Scores of right-to-work critics ranging from politicians to economists have cited lower per-capita incomes in right-to-work states as why the new law is not good for Michigan.

However, not factoring in cost-of-living exposes a flaw in that analysis, said Mackinac Center for Public Policy Fiscal Analyst James Hohman. Once that is considered, Hohman said the per-capita income is higher in right-to-work states than non-right-to-work states.

For example, Texas per-capita income was $37,098 but would have a purchasing power of $49,700 in the state of New York in 2007, according to Hohman’s analysis. New York’s per-capita income was $47,852.

Hohman found that in terms of Michigan dollars in 2000, right-to-work states had 4.1 percent higher per-capita personal incomes than non-right-to-work states when factoring in cost of living. Michigan was considered a non-right-to-work state because the law was passed in late December 2012. Hohman said the right-work-states didn’t surpass non-right-to-work states until 2003.

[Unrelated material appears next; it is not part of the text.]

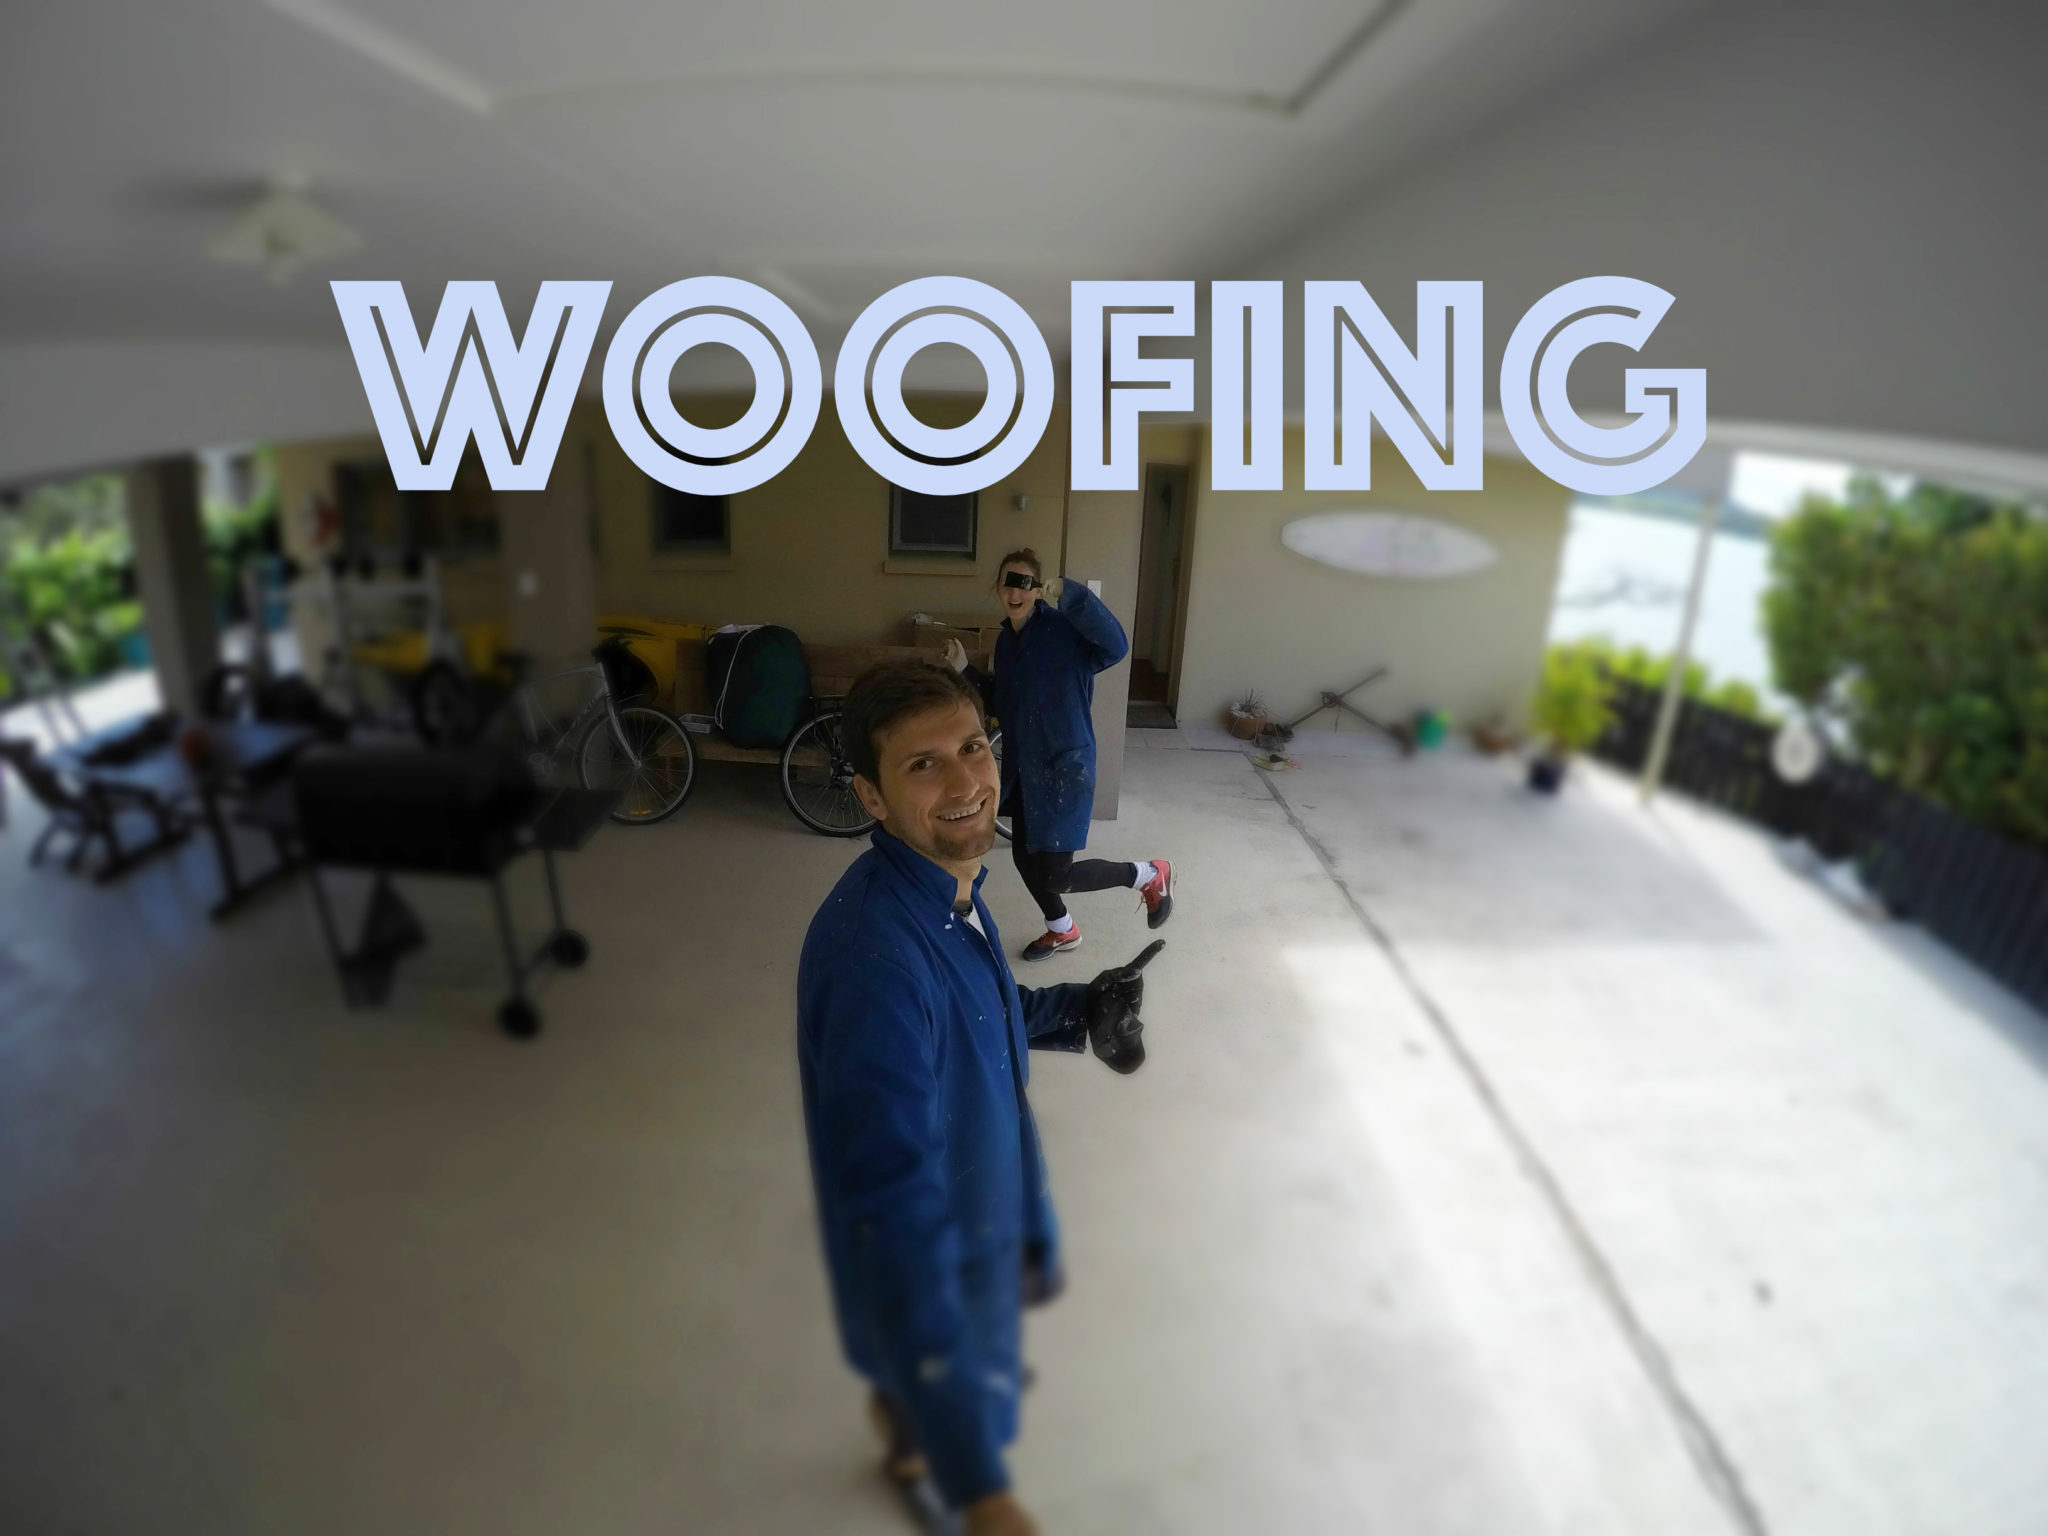 Nový Zéland Facebook: Woofing Na Novém Zélandu

“One of the most basic arguments repeated time and time again by right-to-work opposition is that Michigan is going to lose income by passing this law,” Hohman said. “That just isn’t the case. When you adjust for what a dollar can get you, the difference reverses itself.”

This makes sense. Obviously in states where labor costs more, the price of goods and services produced by that labor are going to cost more as well.

Which is an indictment of all the government schemes to drive up wages up to and including the minimum wage. Inflating the cost of labor doesn’t help. It just makes the cost of living more expensive while simultaneously making business harder.